Distinct maintains leading industry-standard technical security controls designed to protect personal data against accidental or unlawful access, disclosure, alteration, loss, and destruction, including the following:

• SOC 2 Certification: Distinct maintains a robust SOC 2 Type II compliance program, and renews its certification annually.

• Access Controls: Authorization within the Distinct platform is limited to appropriate individuals and is managed and audited via an industry-standard proxy solution. Users are required to be initially connected via VPN, which requires multi-factor authentication, in order to connect to sensitive IT infrastructure resources via the proxy gateways. Distinct also adheres to the principle of ‘least privilege’ and implements key technological controls.

• Encryption: Data in transit is typically encrypted via HTTPS (i.e., HTTP over TLS/SSL). For data at rest, sensitive data, such as API keys, and other personal identifiers, is secured using hashing algorithms.

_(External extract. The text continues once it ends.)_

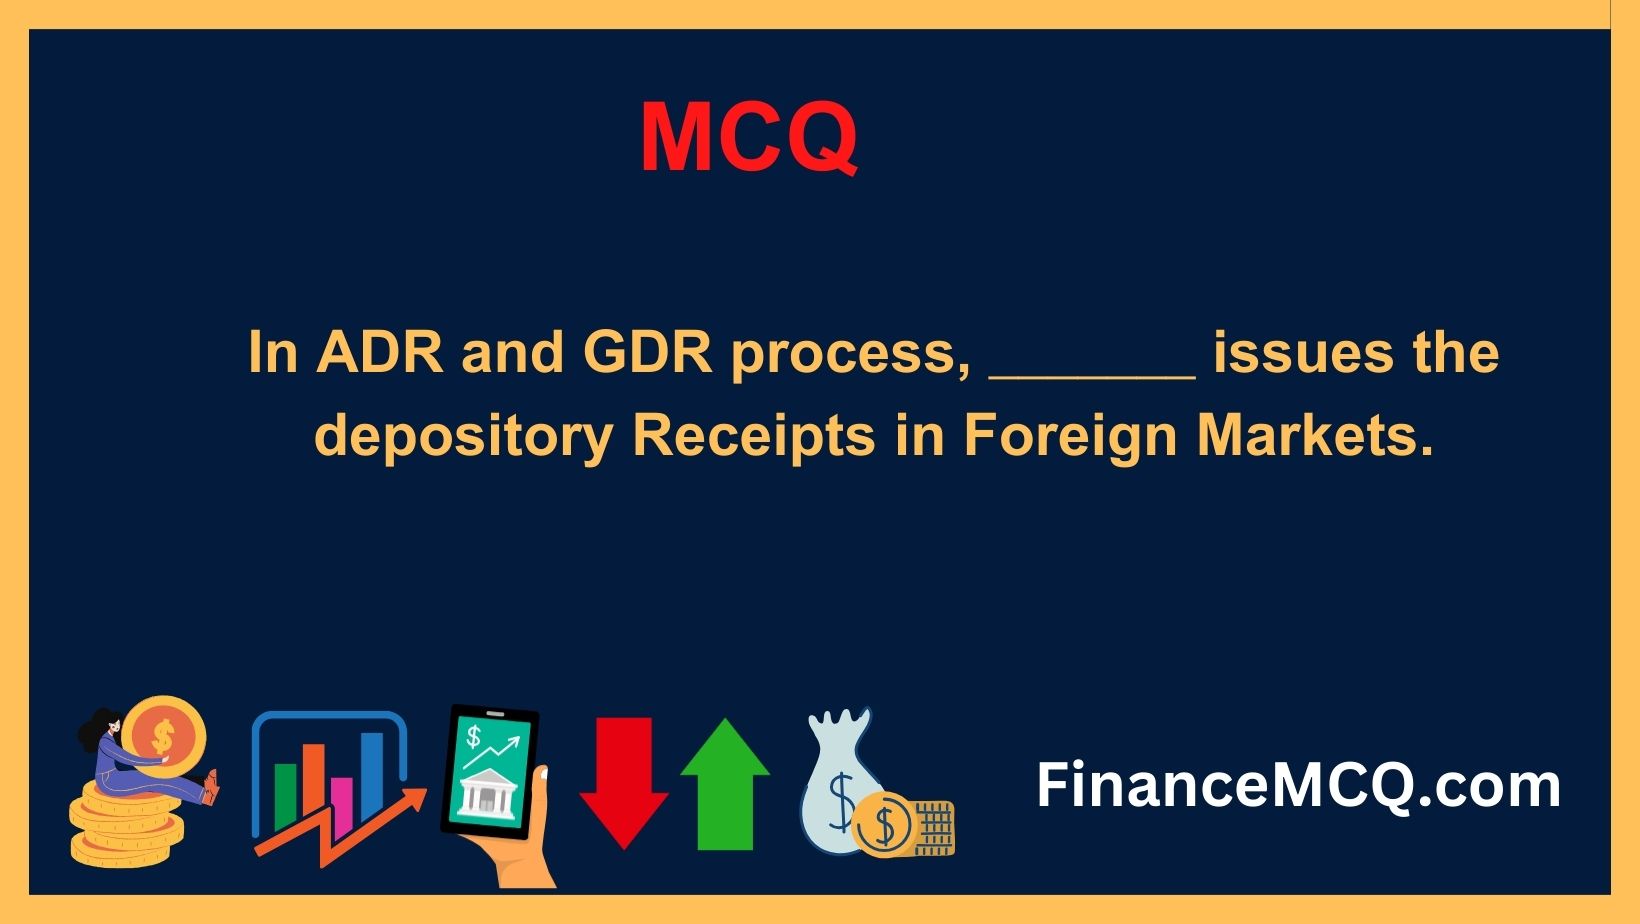 In ADR and GDR process, _______ issues the depository Receipts in Foreign Markets.

• Data Backup: Automatic data backups are performed daily, leveraging AWS’s native backup solutions.

• Data Retention: Distinct has established controls and mechanisms designed to protect personal data at each stage of the data lifecycle, from collection / creation through to disposal. At the end of any retention period, Distinct deletes Customer Personal Information from its systems and databases, in accordance with its policies and procedures. 

• Event logging: Access logs and object read and write logs are continuously recorded, with active reviews conducted in the event of suspicious activity or detection of a security event or incident.

For transfers to (sub-) processors, also describe the specific technical and organizational measures to be taken by the (sub-) processor to be able to provide assistance to the controller and, for transfers from a processor to a sub-processor, to the data exporter.